Overall, tirbanibulin 1% ointment is well tolerated. The most common AEs were local reactions at the application site, particularly erythema and flaking/scaling, which were self-limiting and healed without sequelae, consistent with literature data.14, 21 Real-life data revealed that the median onset of AEs occurs on the seventh day after treatment, and the meantime for resolution is 5 days. In our cohort, since AEs were mostly self-reported by patients, the exact time of occurrence and resolution were difficult to assess. Interestingly, a more intense inflammatory local reaction does not correlate with a better clinical outcome.21, 22 A recent meta-analysis demonstrated a lower incidence of severe local AEs with tirbanibulin 1% ointment when compared to some other medications of AKs (namely, a combination of 5-fluorouracil 0.5% and salicylic acid; diclofenac 3%; imiquimod 3.75 and 5%). However, no data were available for comparison with cryotherapy, photodynamic therapy, and 5-fluorouracil 4 and 5%.23 Furthermore, an expert opinion among dermatologists in charge of evaluating a tailored approach for AKs considered tirbanibulin 1% ointment among the topical treatments with the highest tolerability.24
Conclusions
Our study confirms the already published data regarding the efficacy and safety of tirbanibulin 1% ointment for Olsen grade I AKs of the face and scalp. In particular, the best results in this subgroup of patients were observed at least 8 weeks after treatment. Moreover, tirbanibulin shows promising outcomes when prescribed for higher grade lesions (Olsen grade II or III) as well as lesions located on the trunk and limbs, supporting its potential use regardless of grade and location of AKs. However, further studies are needed to broaden its indication criteria and directly compare tirbanibulin with other treatment options for AKs.

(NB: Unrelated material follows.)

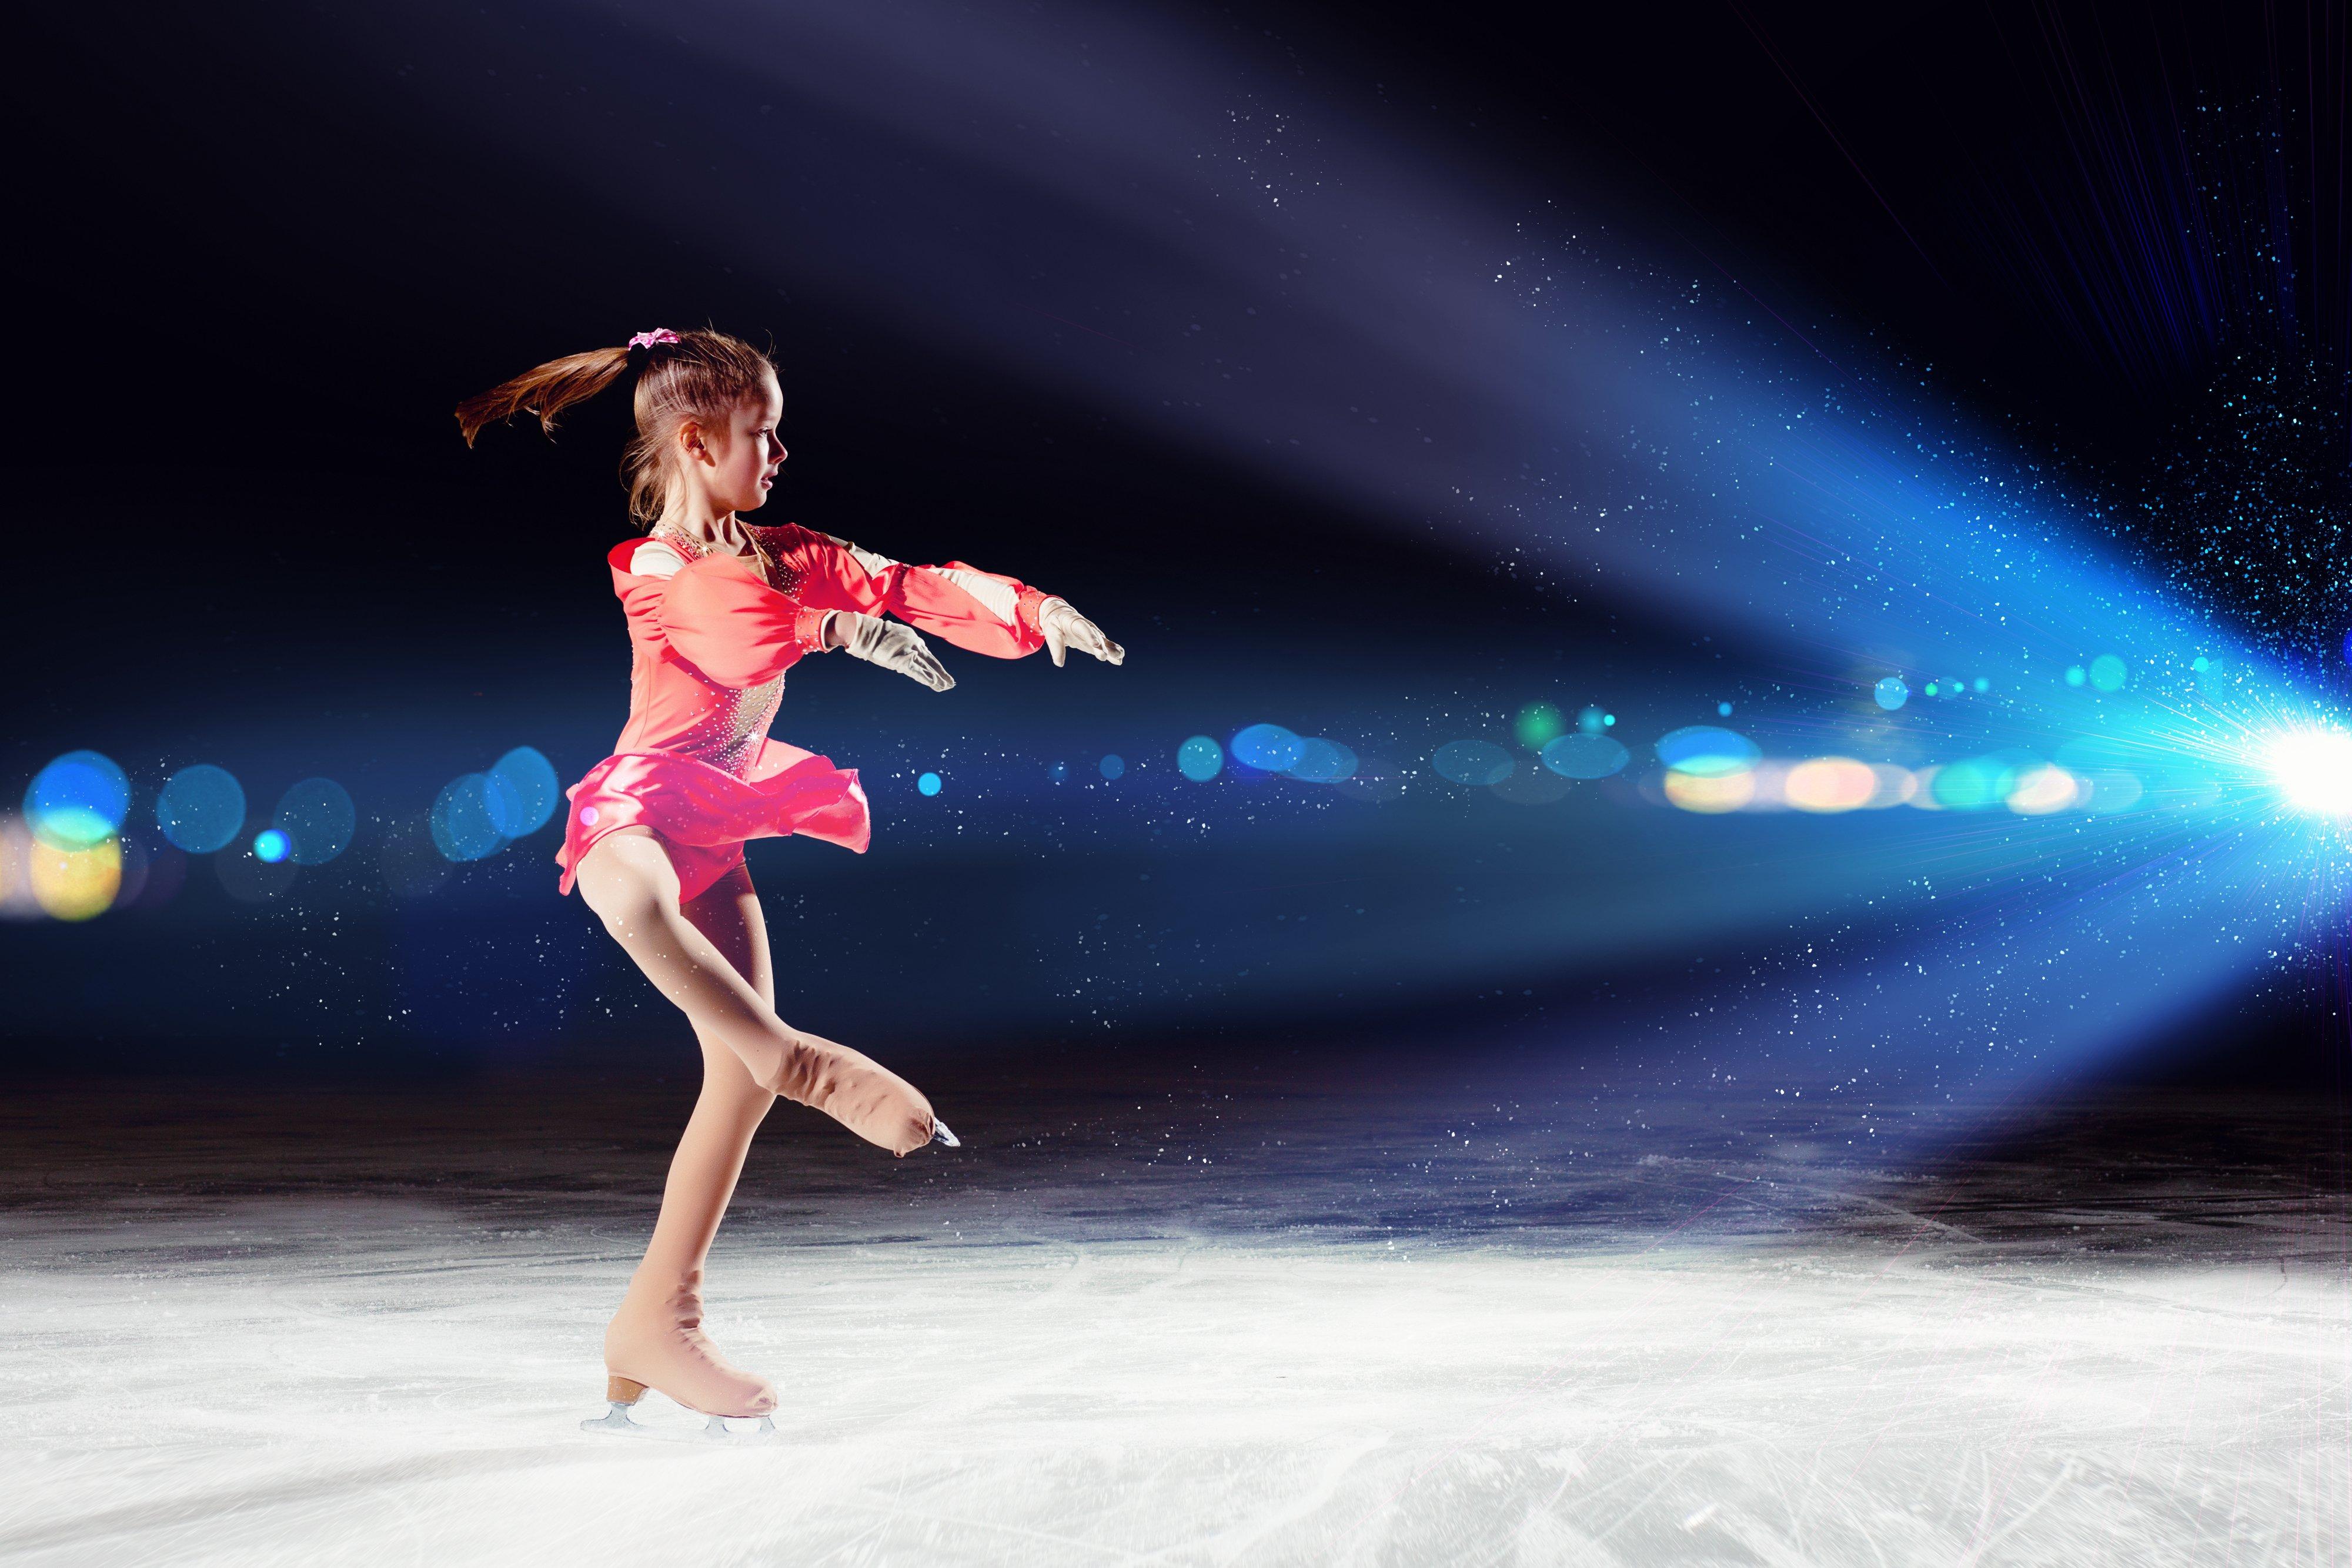 una bambina con un abito rosso durante un'esibizione  di pattinaggio artistico

Given the real-life nature of this study, we acknowledge the limitations deriving from the absence of a pre-determined schedule for follow-up visits, as well as the fact that AEs were self-reported mainly by patients and not assessed by a trained clinician.
Open Research
Data availability statement
The data supporting this study's findings are available on request from the corresponding author.